There’s a movie Will Farrell was in, Stranger Than Fiction, which I regrettably never got to finish but enjoyed immensely nonetheless. In that movie, the writer therein would make common practice of becoming every experience she was writing, culminating in my favorite scene, the “dying” scene. The writer is stuck in that she is trying desperately to find the right way to kill her protagonist, and spends much of the movie in various states of “death”. One of my favorite scenes has her standing barefoot on the edge of her coffee table. The woman who is supposed to be helping to motivate her and keep her on task walks into the room and asks what she’s doing. The writer replies “I’m going to kill myself” and after gathering her nerve, jumps off of the table. A few moments later she declares “No, that’s not it either” and sets about finding a new way to “end her life”. Another favorite has the writer standing in a powerful rainstorm, contemplating the sensation of drowning. To me, these are some of the purist representations of the place many writers take themselves when creating the most authentic of works.
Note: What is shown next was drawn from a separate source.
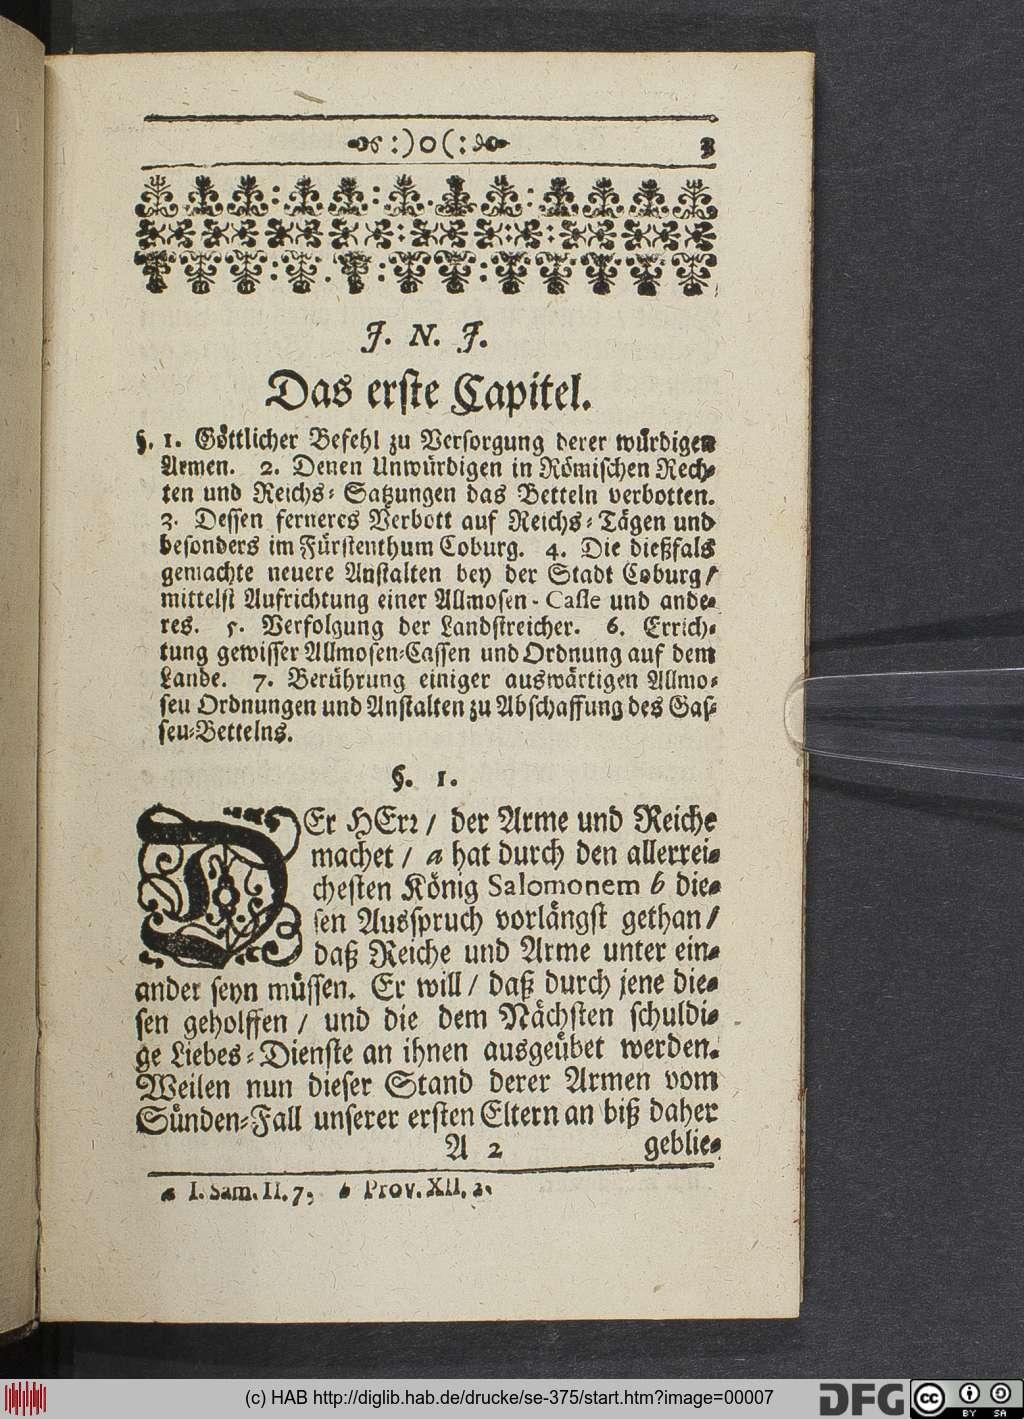 http://diglib.hab.de/drucke/se-375/00007.jpg

I try not to work on a novel when anyone else is in my house. I’m routinely walking, jogging or running up and down the hallway and bounding all over the room depending on what the circumstance demands. I speak in no fewer than three different languages, most of them in human tongue, at varying pitches and octaves with varying levels of ferocity and timidity. I speak and act the parts of heroes, villains, boys and girls. Humans, aliens, angels, devils, all of them. On rare occasion I’ll let an extremely curious friend in on small parts of my creative process, but have to date shown no one the process in totality.
Writing is a very private and intimate thing. Writing is a very public and outspoken thing. Writing simply is.
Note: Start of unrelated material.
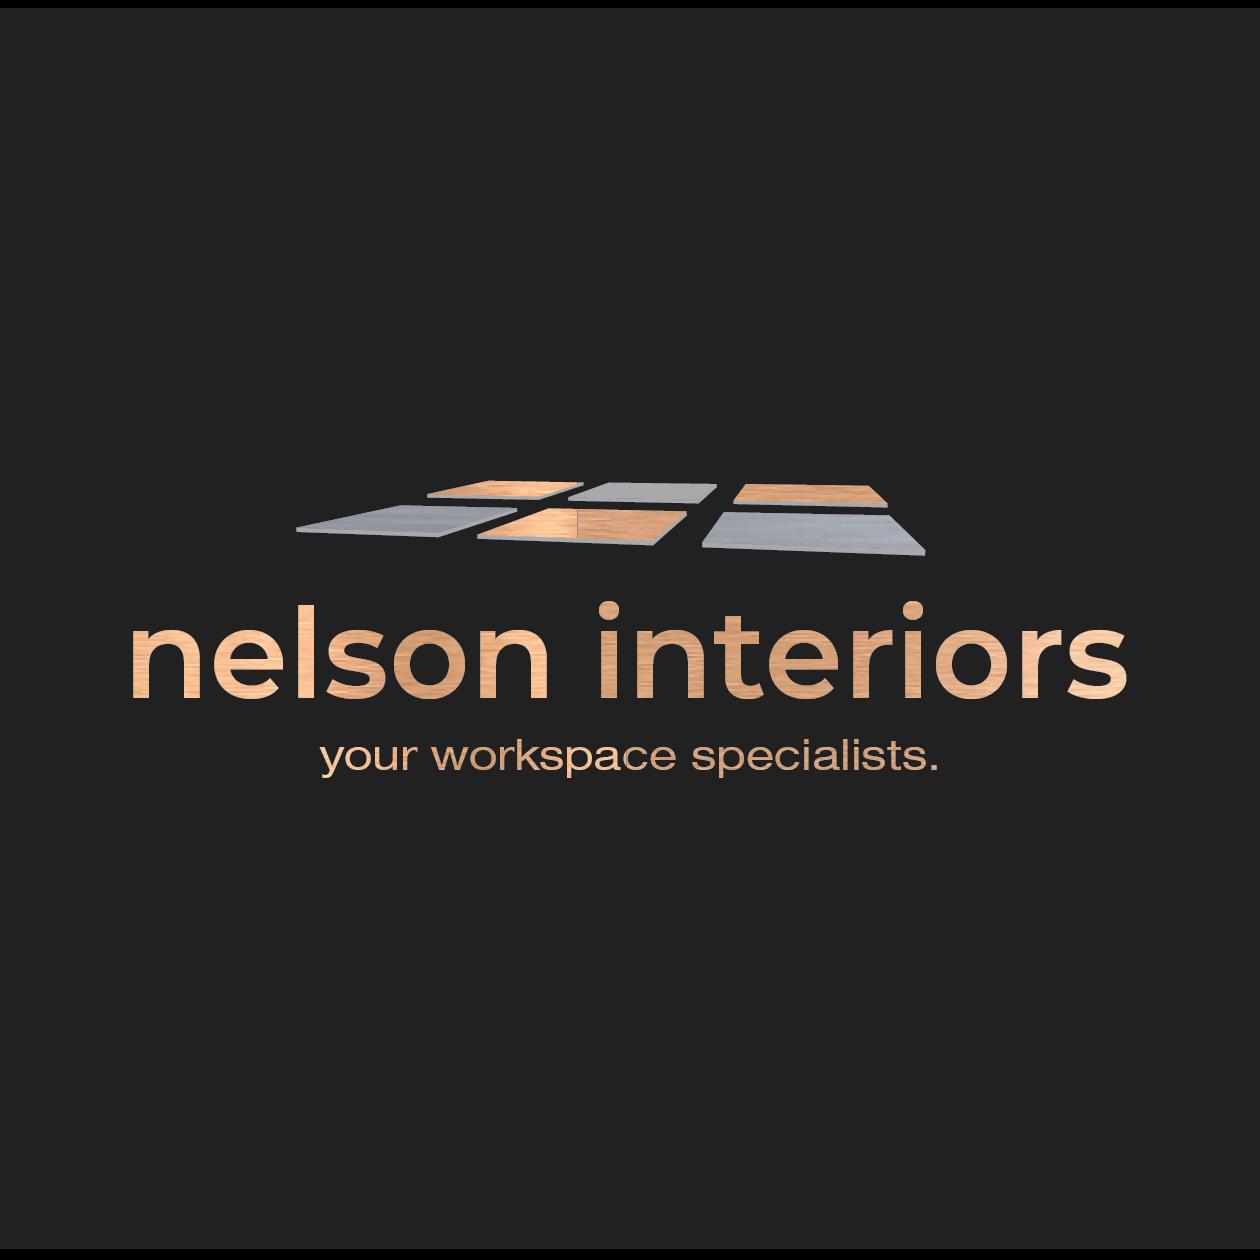 Nelson interiors

I spend a lot of my time contemplating worsts. Depending on the type of story I’m working on, as I lay still and “dive”, I contemplate what the worst something is. One of those worsts is pain. Not physical, rather spiritual, emotional and psychological. In the stories of others, whether a novel, an anime, a movie or a video game, I am always looking to feel something. I’m very off put by media that makes me feel nothing. That isn’t to say I don’t enjoy, say, Expendables 2 for instance (which makes me feel quite a broad range of things to be truthful :D), and I’m far from the critic who decries any media that is not “artsy” and “avant garde”, but I need to feel something. I once spent an entire day listening to four hundred different versions of “Cry Me a River” trying to find one that made me feel on the level I was looking for. I haven’t quite found the sound I’m looking for, but Susan Boyle has a lovely rendition.
There are times that I ponder what is the worst pain or most frustrating pain to find oneself in. I can’t really put into words my interest in that anymore than I can in the macabre, dissonant or whatever else is in between, but it’s something that makes me curious nonetheless. I think that, in many ways as writers we use our novels as a catharsis as a means to push through our struggles, celebrate the joys of the world, or simply experience something unique, different and new.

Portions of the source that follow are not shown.